Où trouver de l’aide pour créer son entreprise : Avis de Aziz Qadiri, Vice-président de "Réseau Maroc Entreprendre"

Les divers organismes doivent travailler ensemble pour promouvoir la culture entrepreunariale.

Réseau Maroc Entreprendre est une association qui a pour vocation de permettre à des créateurs-entrepreneurs de bénéficier d’un accompagnement financier et humain dans le cadre d’un réseau d’entrepreneurs dirigeants. Aziz Qadiri, vice-président de cette association livre ses impressions.

En tant qu’association, quel est votre apport à tout porteur de projet ?
L’objectif est de donner aux créateurs entrepreneurs plus de chance à la réussite de leur projet. En effet, pour chaque projet approuvé, le jeune entrepreneur reçoit un prêt d’honneur sans intérêt mais surtout un accompagnement individuel par un de nos membres, chef d’entreprise. Cet accompagnement à la carte permet au lauréat de capitaliser sur l’expérience et le réseau de nos membres.
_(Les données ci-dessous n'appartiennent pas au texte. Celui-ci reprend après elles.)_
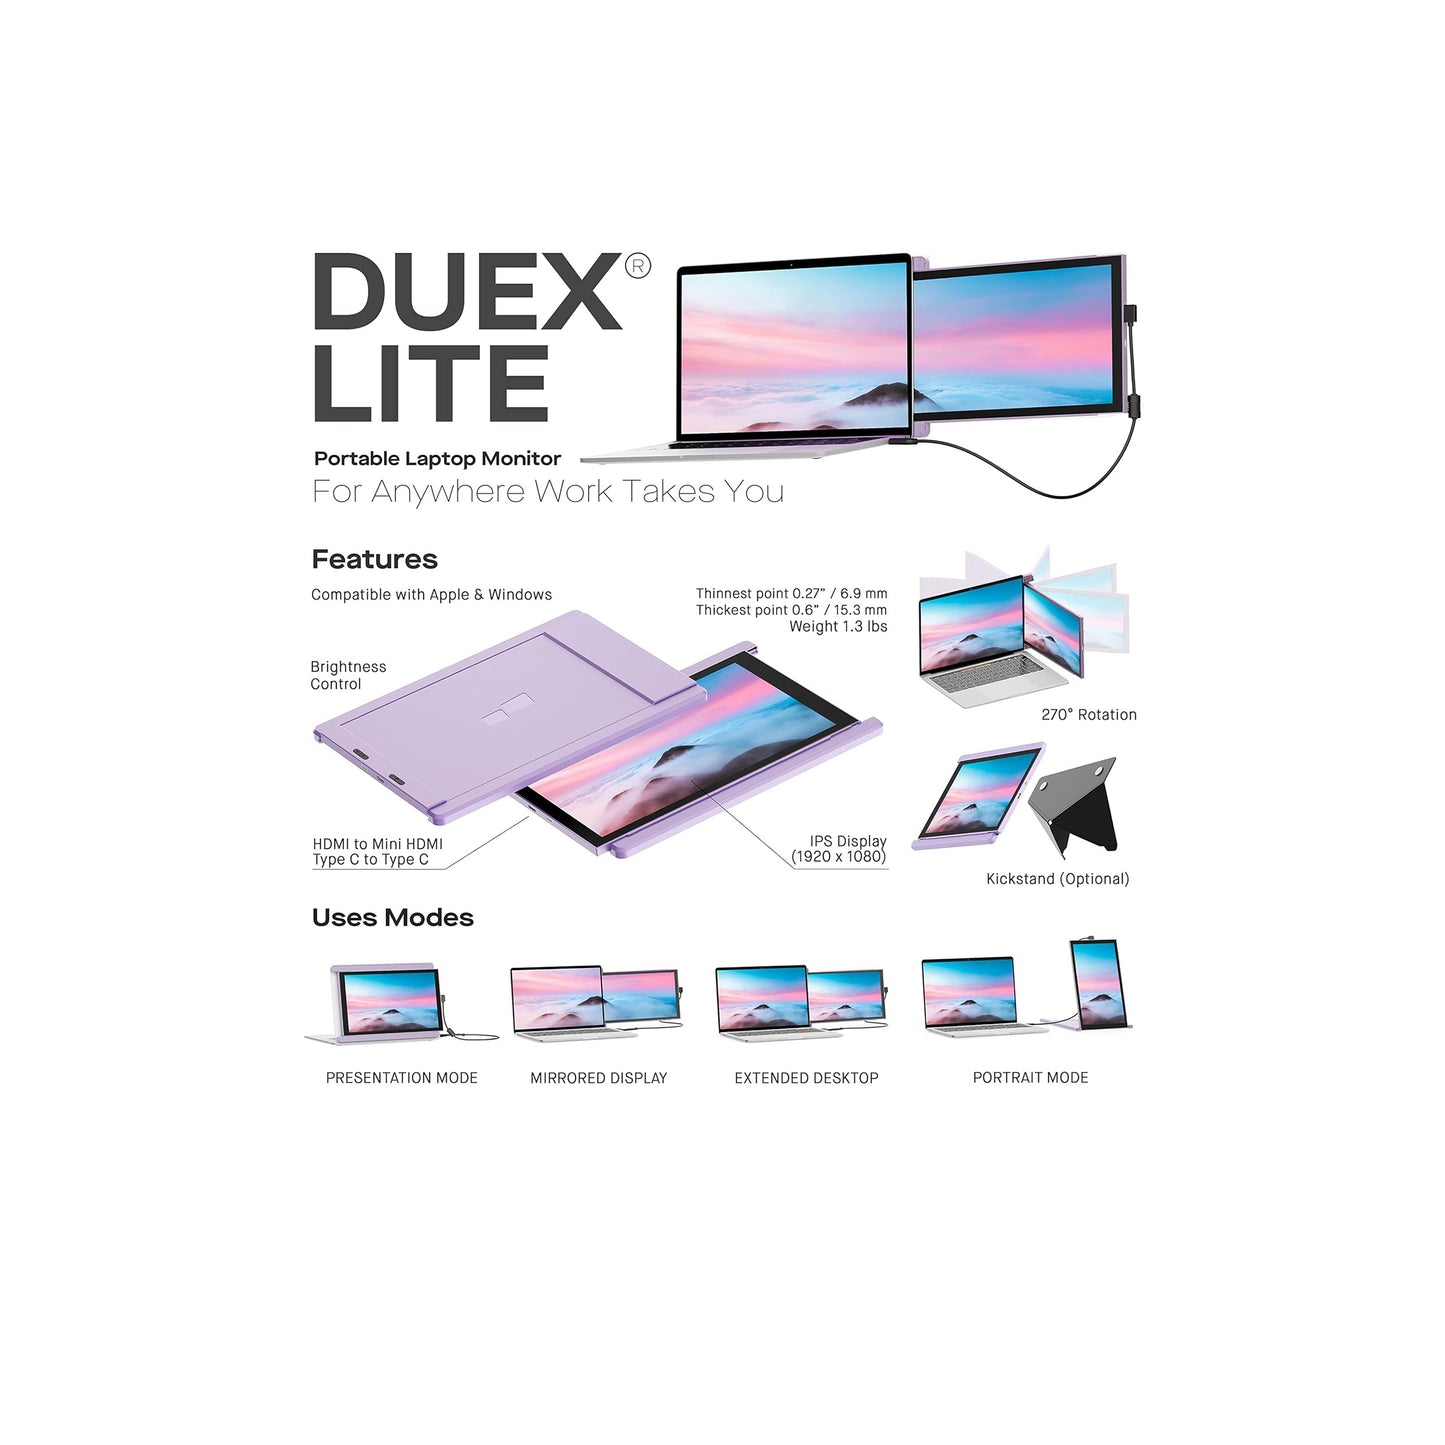 Mobile Pixels Duex Lite Purple 12.5 inch LCD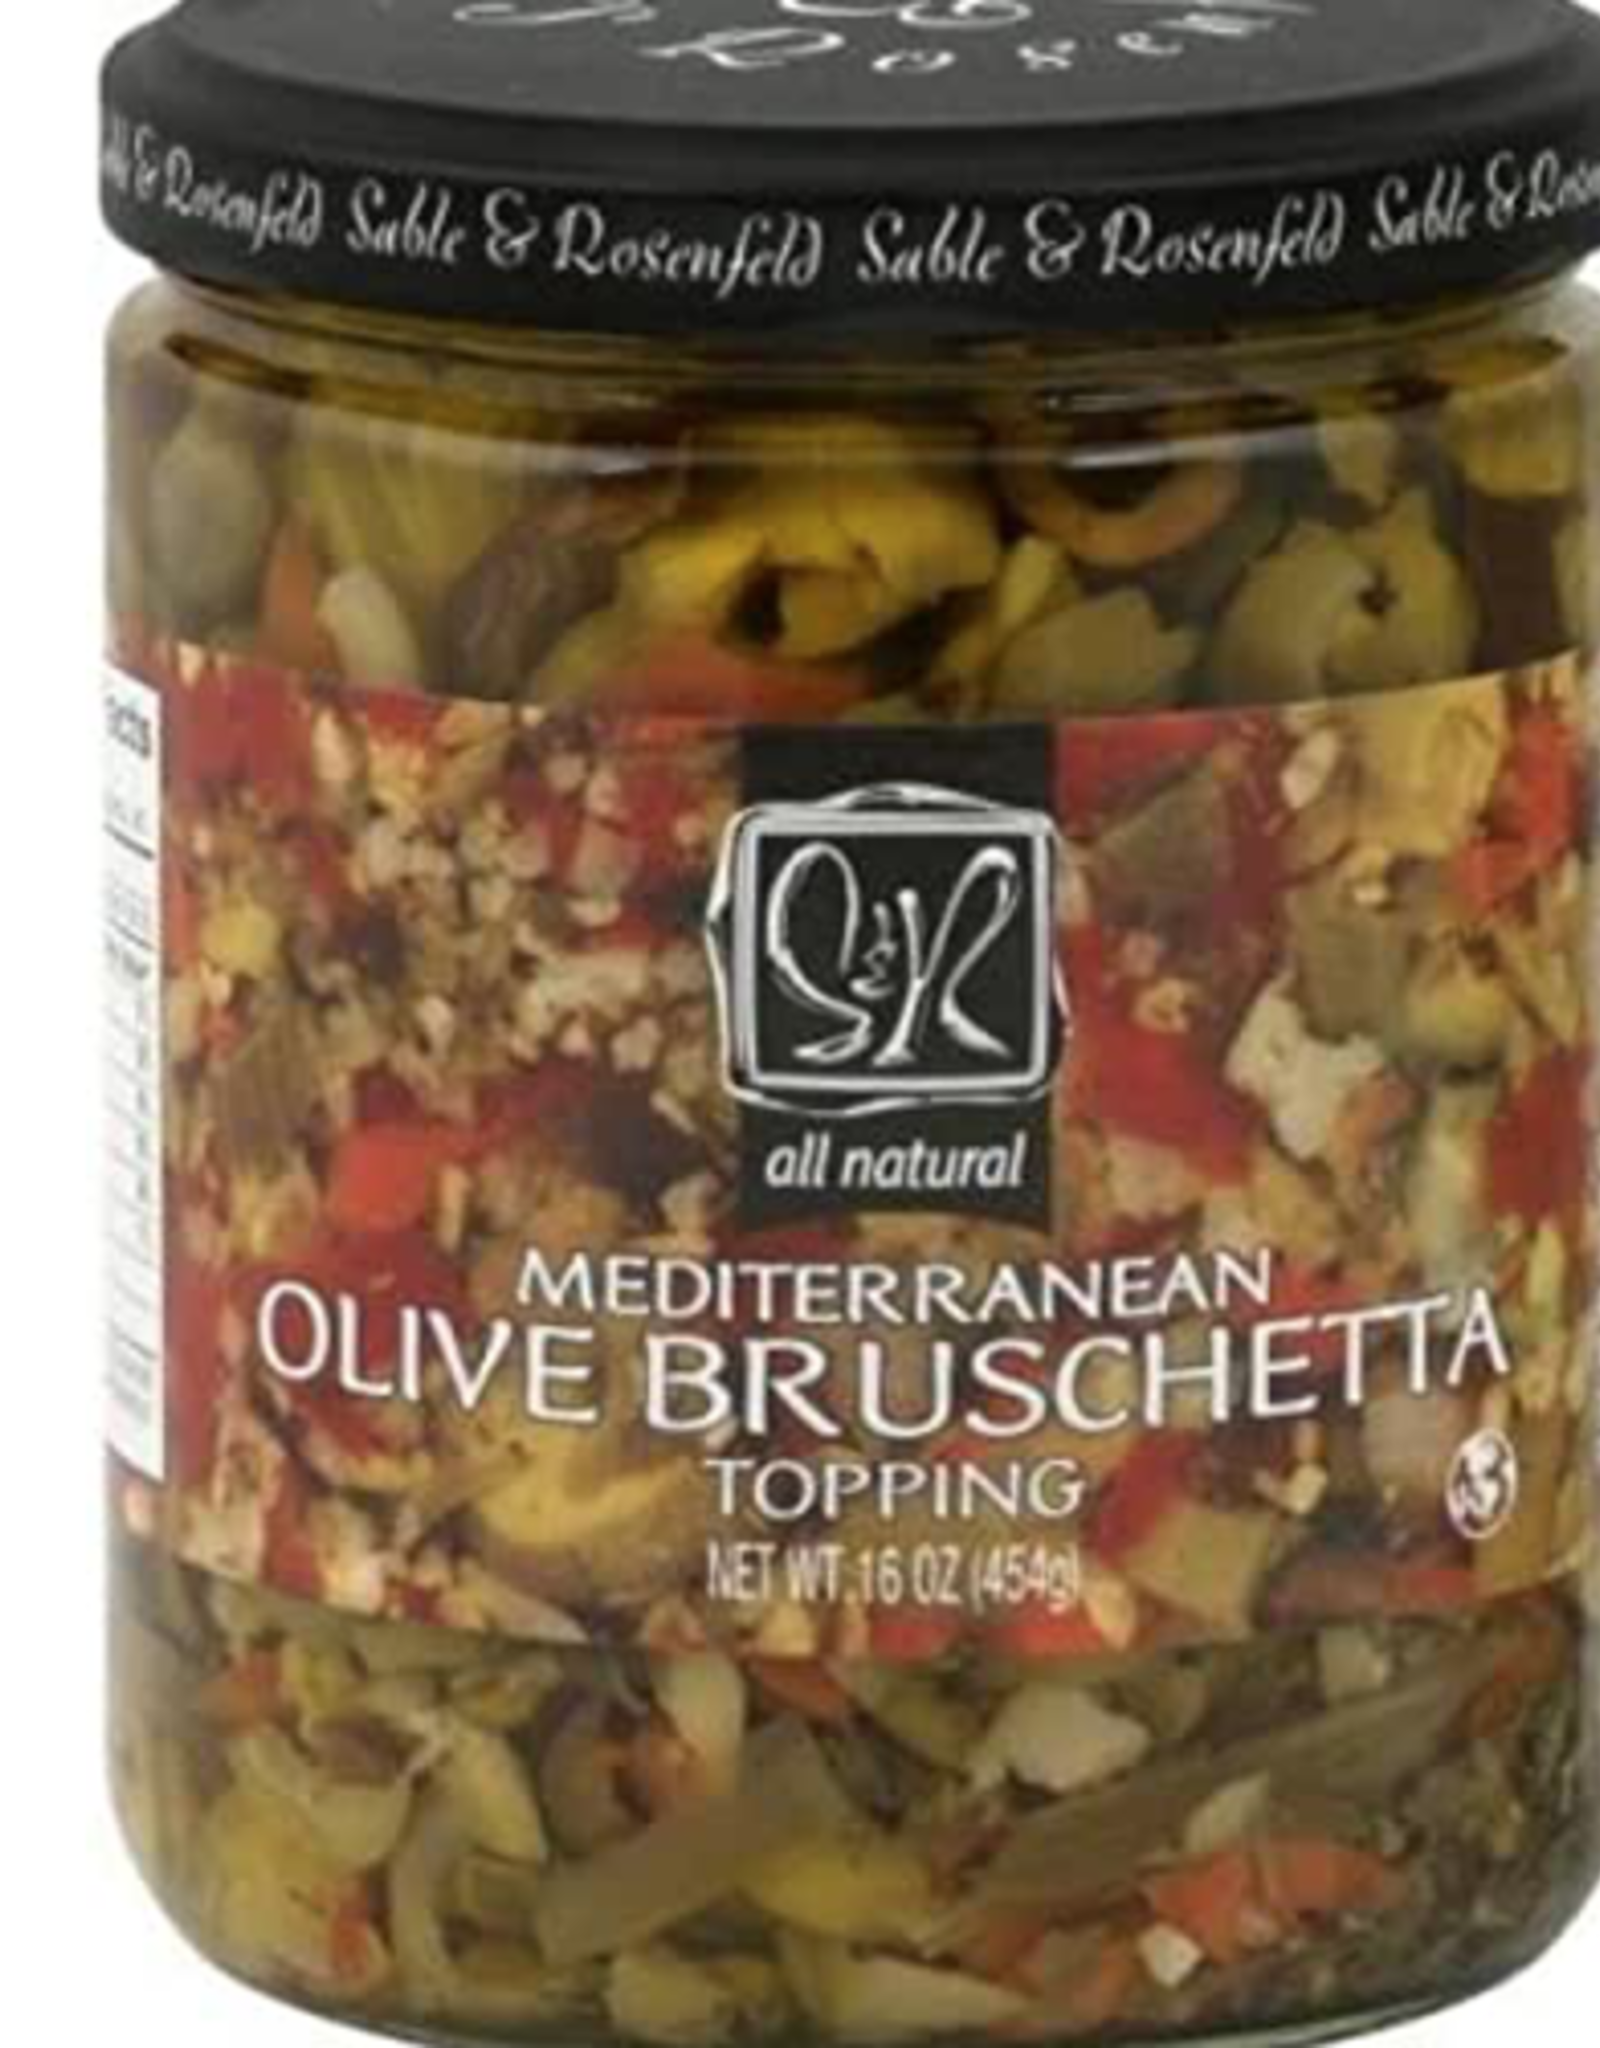 Sable & Rosenfeld Mediterranean Olive Bruschetta 16 oz

De plus, dans le cadre du Club des Lauréats, nos jeunes reçoivent des formations diverses (gestion et développement personnel).

Quel est le bilan du Réseau Maroc Entreprendre depuis sa création ?
En quatre années d’existence, Réseau Maroc Entreprendre a accompagné plus d’une quarantaine d’entrepreneurs et a ainsi permis de générer plus de deux cents emplois. Parmi les entreprises qui ont donc vu le jour grâce à RME, on peut citer Rekrute.com, Autruche d’Asrir ou Centaure Communication.

Quels sont les critères de sélection des candidats ?
Il faut être créateur d’une entreprise de moins de 2 ans (voire 3 ans dans certains cas) ou bien repreneur d’une entreprise (de 4 à 40 salariés) depuis moins d’un an (voire 2 ans dans certains cas). Deuxièmement, il faut porter un projet qui recèle un potentiel de développement et qui intègre une dimension stratégique. Les projets de type commerce, restauration, petit artisanat ou services de proximité, n’entrent pas dans le champ d’action de RME. Troisièmement, il faut être l’actionnaire ou l’associé principal et leader de manière opérationnelle dans son entreprise. Enfin, il faut avoir le sens de l’écoute et être ouvert au principe de l’accompagnement et du partage d’expérience.

Les jeunes porteurs de projet sont-ils suffisamment informés sur les mécanismes d’aide qui existent sur la place ?
Non. Nos jeunes ne connaissent pas toute la panoplie des aides mises en place sur le marché marocain. Les divers organismes gagneraient à travailler conjointement pour favoriser la culture entrepreunariale.